Sunday, October 19, 2014

ROOT ROT: SMALL TOWN AMERICA IN DECLINE

Sunday morning in rural America, a small town in central Texas, a place that's been around since shortly after the Civil War.  You can see the oldness around here and in other towns nearby, and like all small towns, some old time traditions hang on.  Nobody around here gets in a big hurry, so life here is comfortable (if you don't mind the slow pace).  The countryside around here is good to look upon, the weather in always pretty nice, and the people are friendly.  From the outside looking in, this place looks fairly prosperous.  Few people worry much about the future, don't pay a lot of attention to what's going on in the world around them, and their philosophy is rooted in rural stoicism.  You take life as it comes.
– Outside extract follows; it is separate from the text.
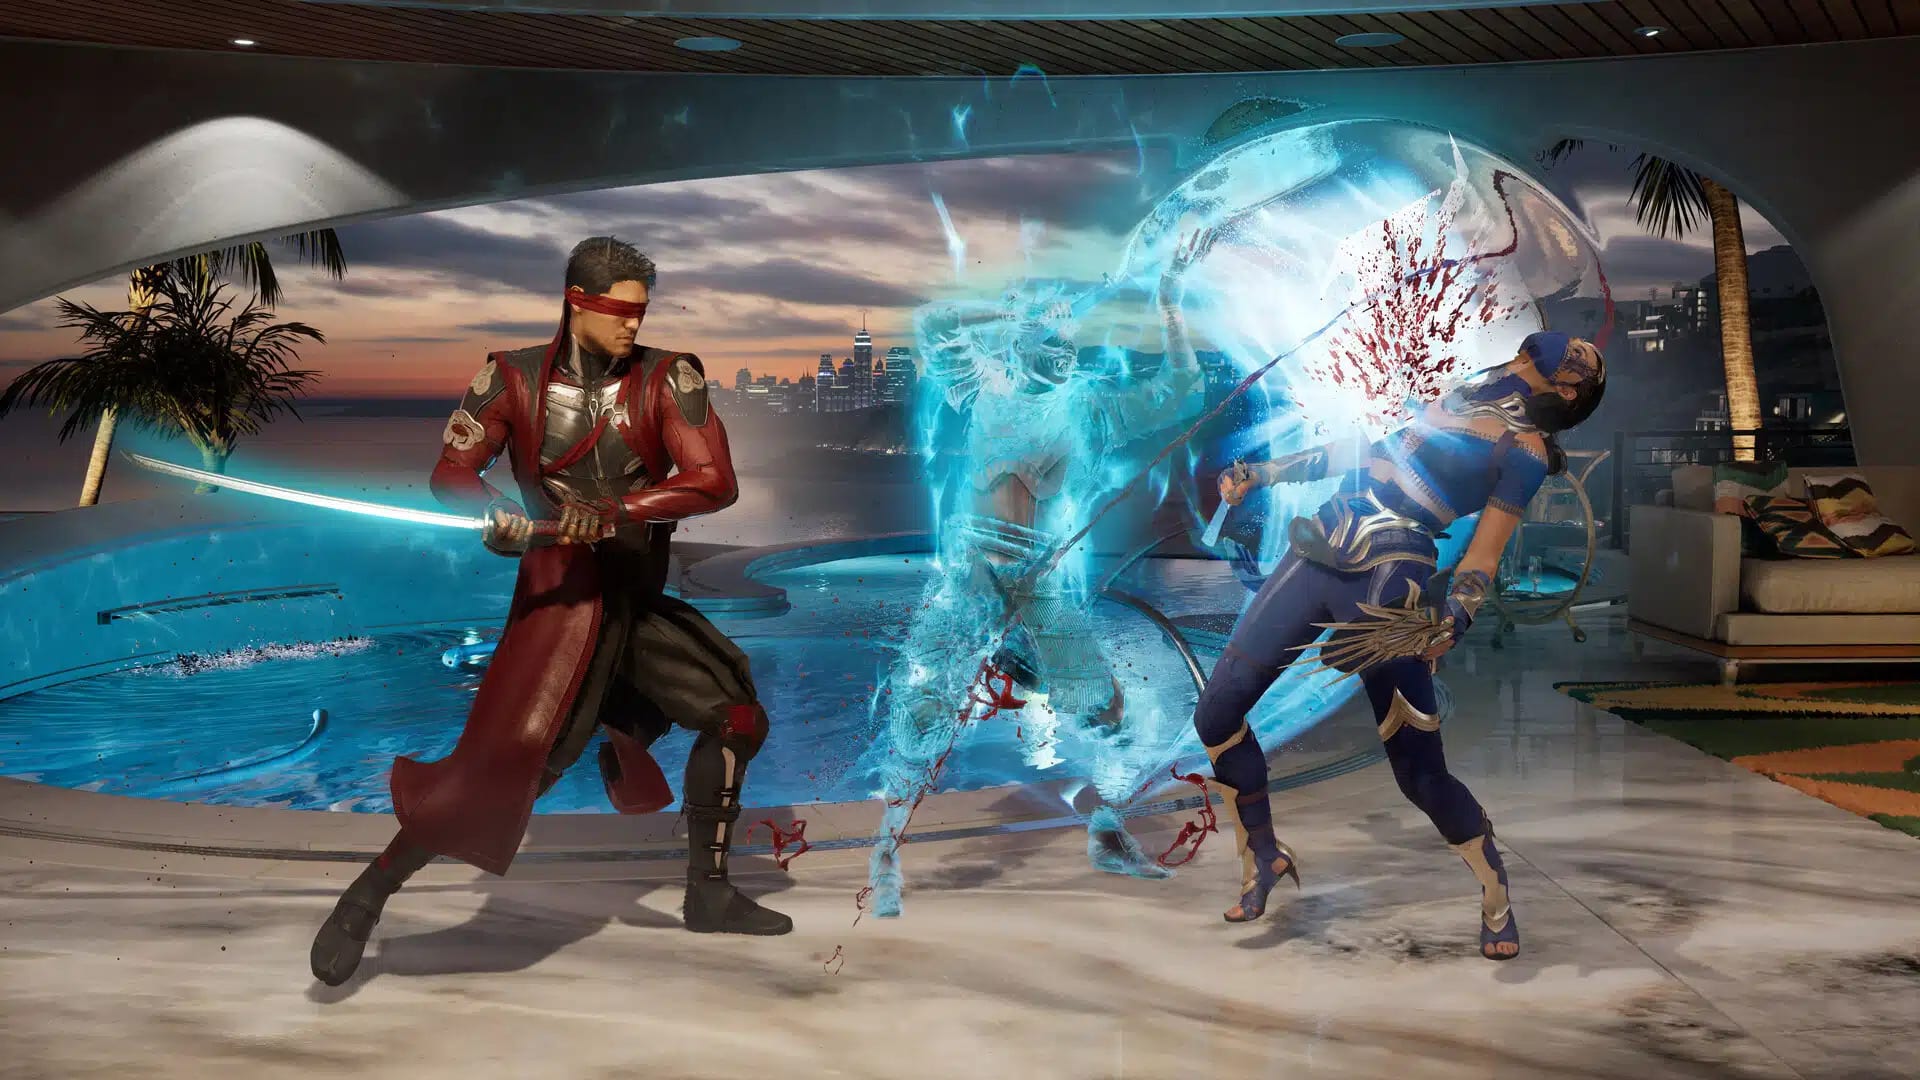 Mortal Kombat 1 Won't Have Crossplay At Launch - GameSpot

So, on this Sunday morning I drove across town to take care of my shop animals, those cats and dogs that expect to be fed twice a day.  Chores here at home with animals are done for the morning - front porch cats to feed, inside cats to be fed and let out for a while, check the yard to make sure everything is secure there, and then go to the local donut store for some breakfast.  People are stirring around, heading for church, and there's a crowd at the place I buy breakfast . . . a place run by Cambodians.  If you get your nails done in a salon, some Vietnamese gal will likely do that, and there's a Chinese restaurant just off the square.  Last night at a drive through place, the vehicle in front of me was a big foreign made SUV, driven by a grossly overweight Mexican/American lady (this town his half their numbers), with kids hanging out every window.  At the local high school football game a few weeks back, I noticed few white kids on the field for our team.  My waiter at the Italian restaurant on the square didn't speak good English when I went there not long ago, and all but one motel in town belongs to Indians.  You know, like from India type Indians.  A hamburger place on main street is owned by some dude from Afghanistan.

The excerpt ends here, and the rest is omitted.